ASSIGNMENT → Everything from the line with "COOSPO BC200 Computer GPS Bike" through the last line of the data below should be copied exactly, apart from the pictures.

EXERCISE DATA →
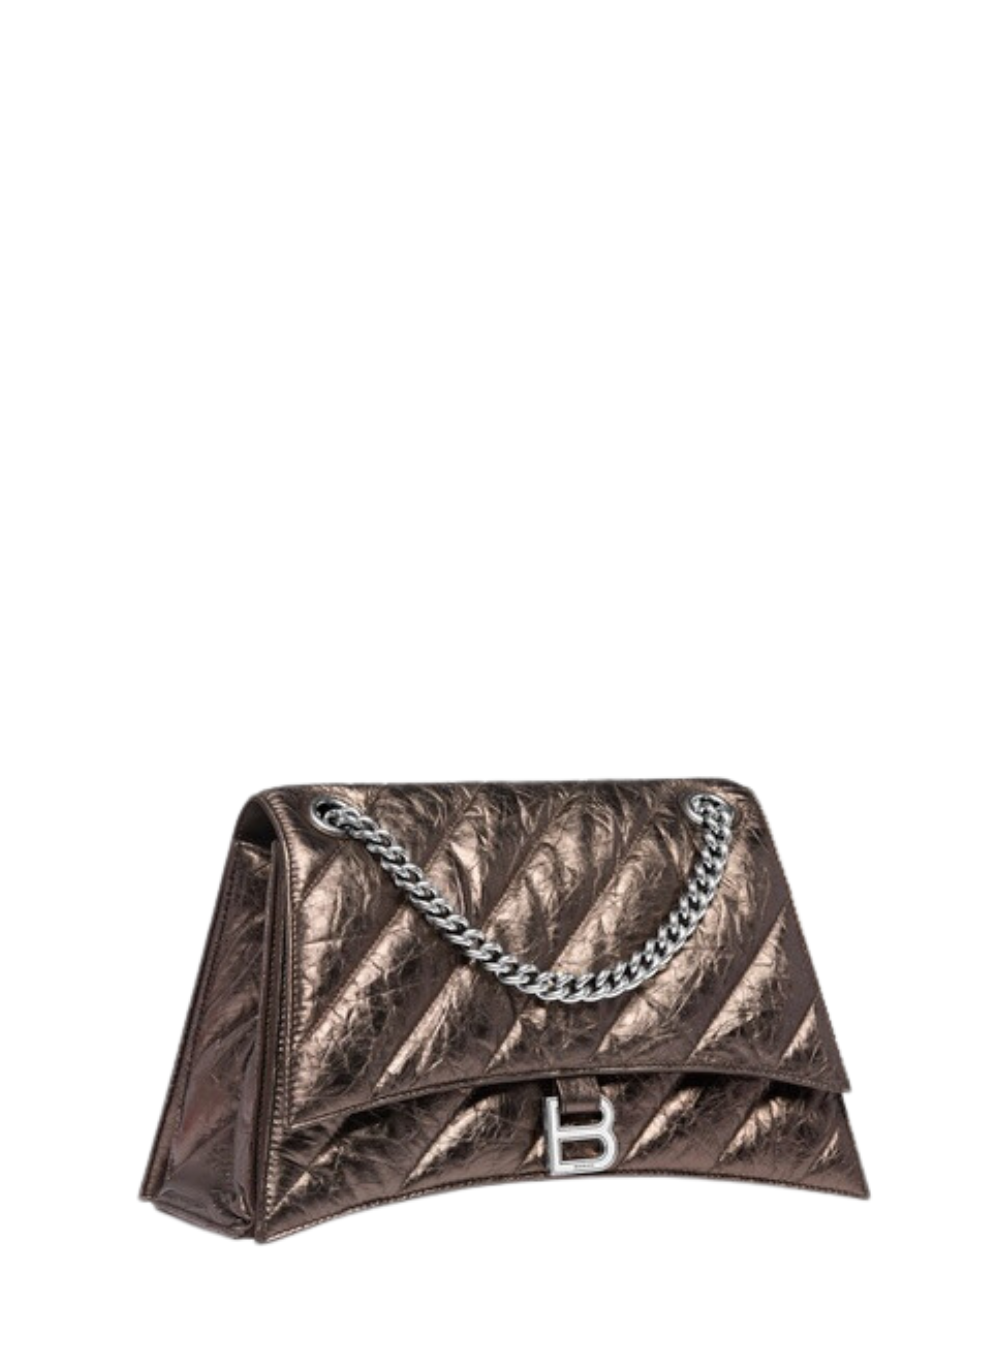 Balenciaga Metallic Leather Crush Shoulder Bag - Brown - One Size
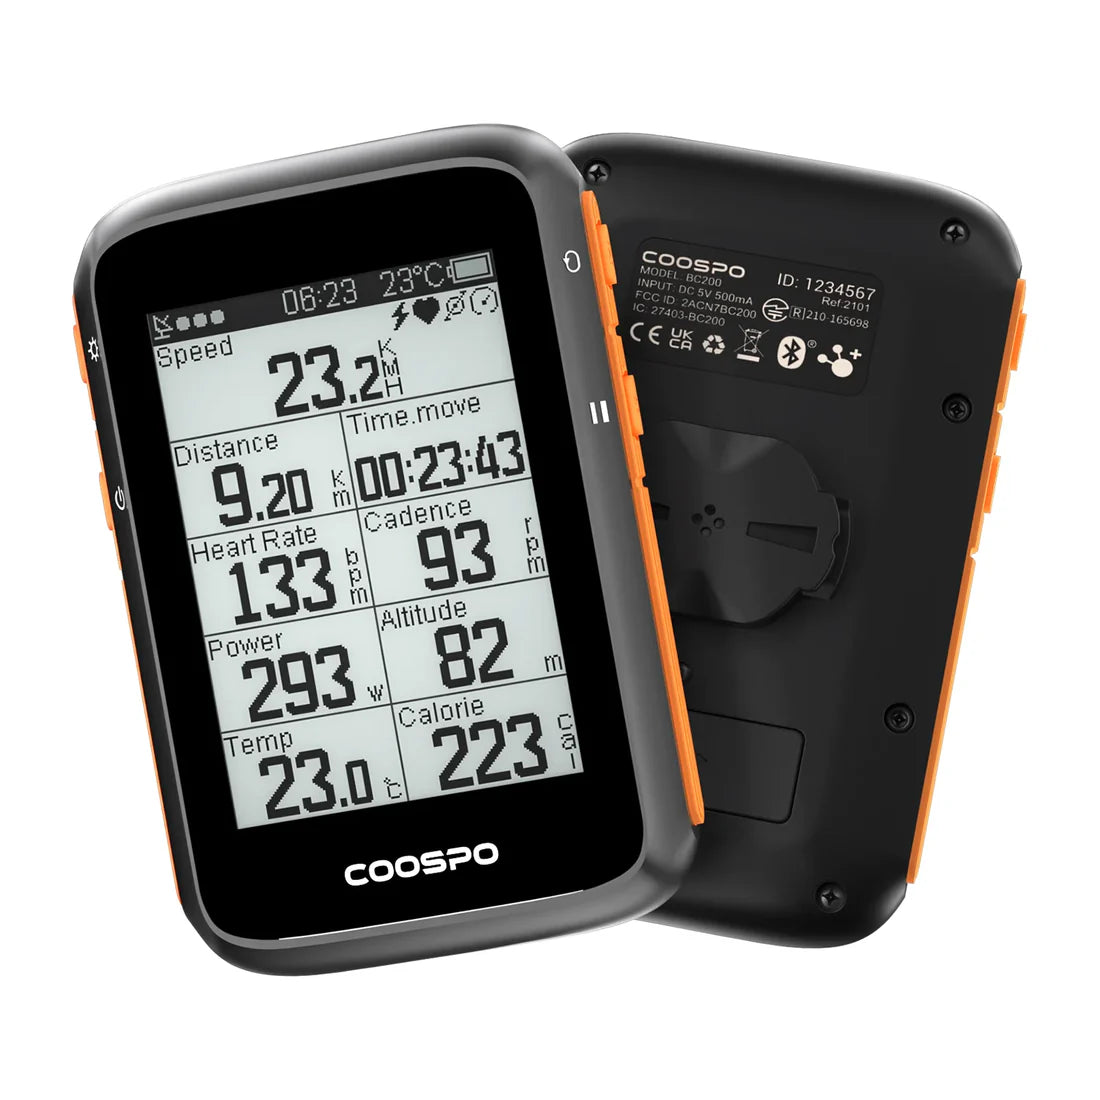 COOSPO BC200 Computer GPS Bike
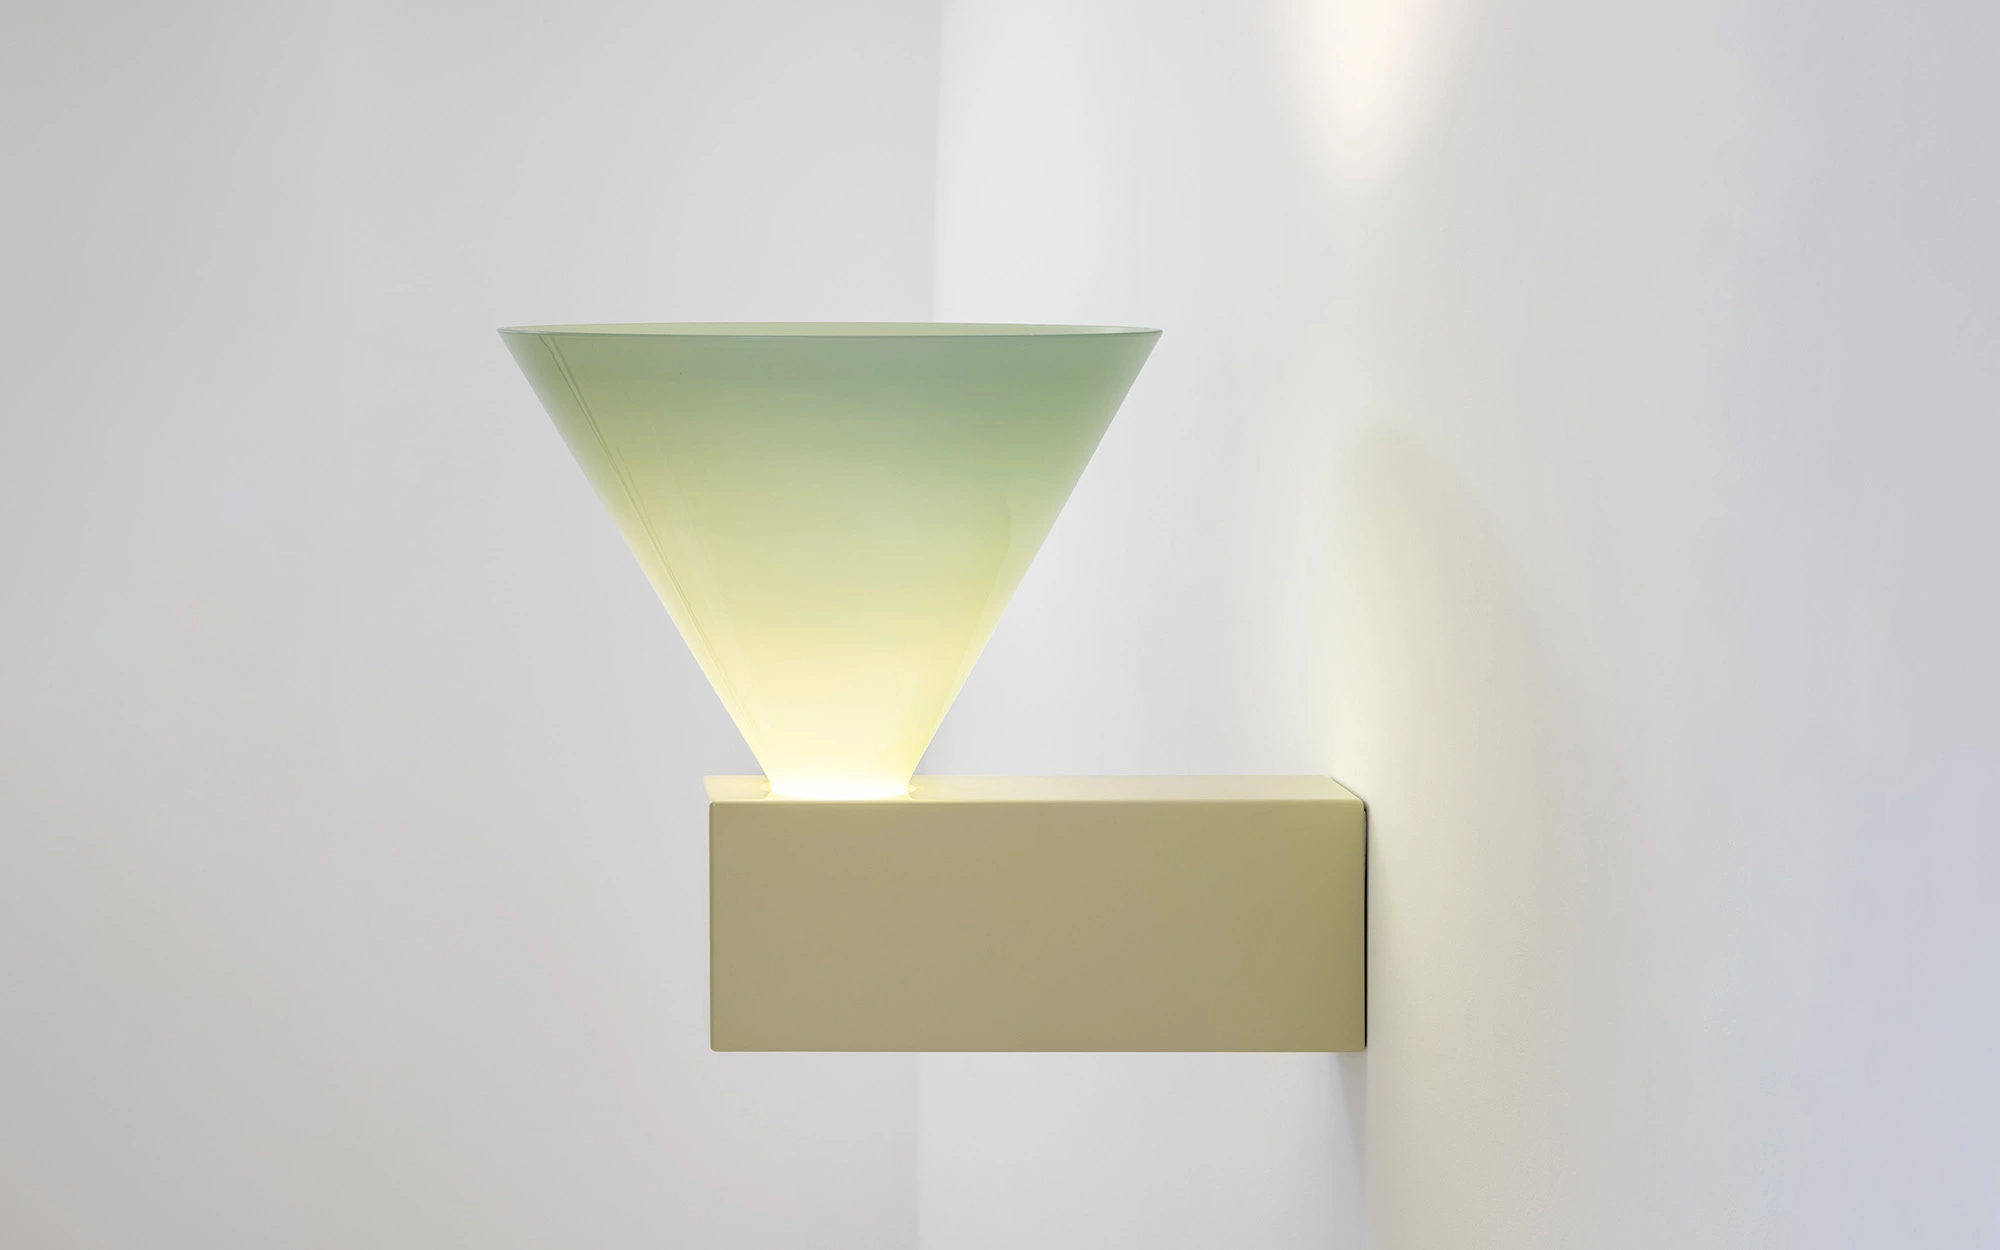 Signal W MONOCHROMATIC - Edward Barber and Jay Osgerby - Wall light - Galerie kreo

EXERCISE RESPONSE →
 COOSPO BC200 Computer GPS Bike
 Signal W MONOCHROMATIC - Edward Barber and Jay Osgerby - Wall light - Galerie kreo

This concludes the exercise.